Adam Albright, MIT
Friday, December 12th at 4 pm, Stevenson Fireside Lounge
Testing phonological biases with Artificial Grammar learning experiments
Go back to ColloquiaAs with most linguistic input, the data that children receive about phonological patterns is rife with ambiguity. For example, children hearing voicing alternations in German ([diːp] ~ [diːbə] ‘thief-sg./pl.’, [maʊs] ~ [mɔɪzɐ] ‘mouse-sg./pl.’) receive no evidence as to whether a single final devoicing process affects all word-final obstruents, or just the subset of obstruents that German happens to have, or whether separate processes affect different subsets of segments. Thus, the data radically underdetermines the analysis (poverty of the stimulus), and learners must employ prior biases in order to favor one analysis over another. By observing how speakers extend alternations to novel words, strings, and segments, it is possible to gain insight into these biases—e.g., a preference for simpler rules may lead them to generalize devoicing to as broad a class of segments as possible, while a preference for typologically common rules favor generalization of devoicing to other obstruents, but not to sonorants. In this talk, I present experimental evidence test three types of bias: (1) a bias against alternations, favoring uniform paradigms (McCarthy 1998); (2) a bias in favor of alternations that target broader classes of segments (Peperkamp et al. 2006); (3) a substantive bias against perceptually salient alternations (Steriade 2001).

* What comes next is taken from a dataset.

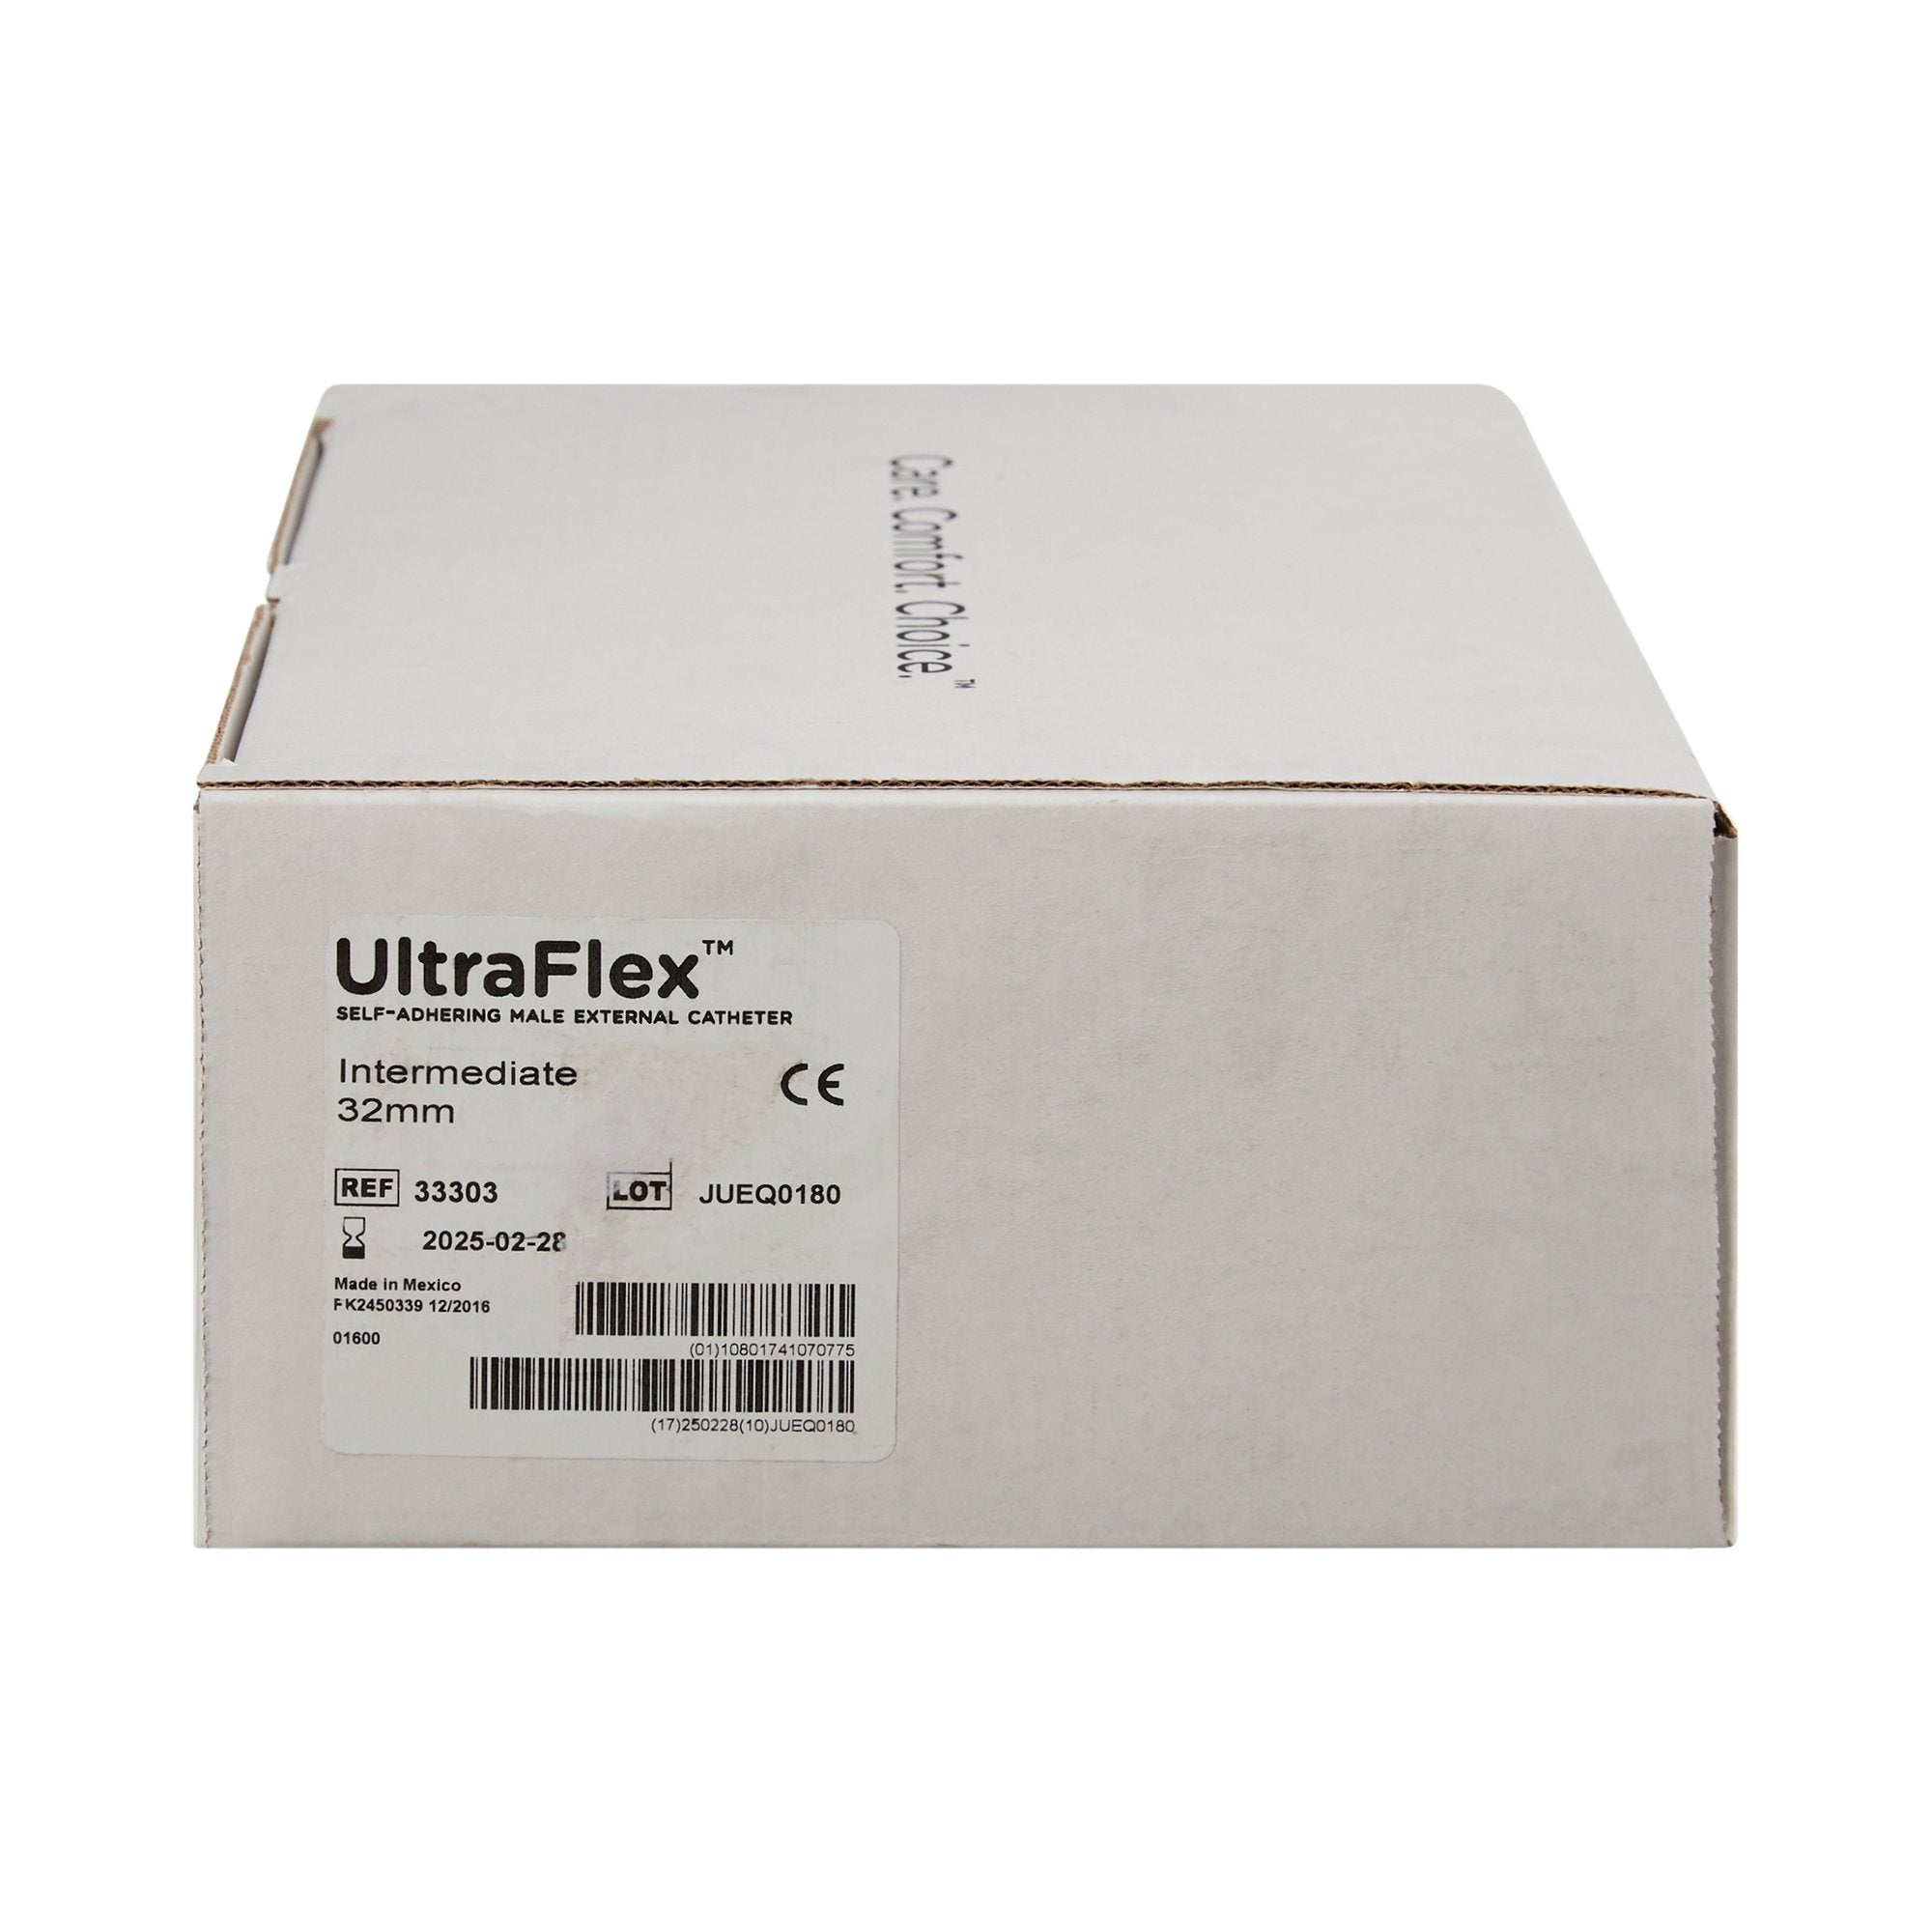 Bard UltraFlex? Male External Catheter, Intermediate

Learners’ biases were probed using Artificial Grammar experiments, in which adult English speakers were taught singular~plural pairs in a “Martian language”, and were then asked to produce or rate plural forms. In all of the languages reported here, obstruent-final stems exhibited voicing or continuancy alternations (dap~dabi, brup~brufi). A premise of learning biases is that the less data learners have received, the more their behavior will reflect prior biases. In the first set of experiments, we manipulated the amount of data that learners received by varying the frequency of alternations across different segments, in order to test how generalization changes with increasing amounts of data. For example, if learners are biased to expect non-alternation, we expect fewer alternating responses for languages with less data about obstruents, and for rarer segments within a language. If learners expect alternations to apply to broad classes of segments, we expect processes affecting attested segments to be generalized to unattested or rarer segments. Finally, if learners are biased to expect certain alternations (e.g., voicing) over others (e.g., continuancy), we expect participants to generalize preferred alternations at higher rates than dispreferred alternations. In a second set of experiments, we independently manipulated the evidence that learners received for alternation and also non-alternation, in order to test whether the preference for non-alternation is purely a prior bias (OO-Faith » Markedness), or whether it is learned on the basis of data from non-alternating paradigms. The results show that increasing the number of training items with alternating paradigms significantly increases the probability of choosing alternations in the test phase, while increasing the number of items with non-alternating paradigms does not increase the probability of selecting a uniform paradigm. Thus, the results are generally support a prior bias for uniform paradigms.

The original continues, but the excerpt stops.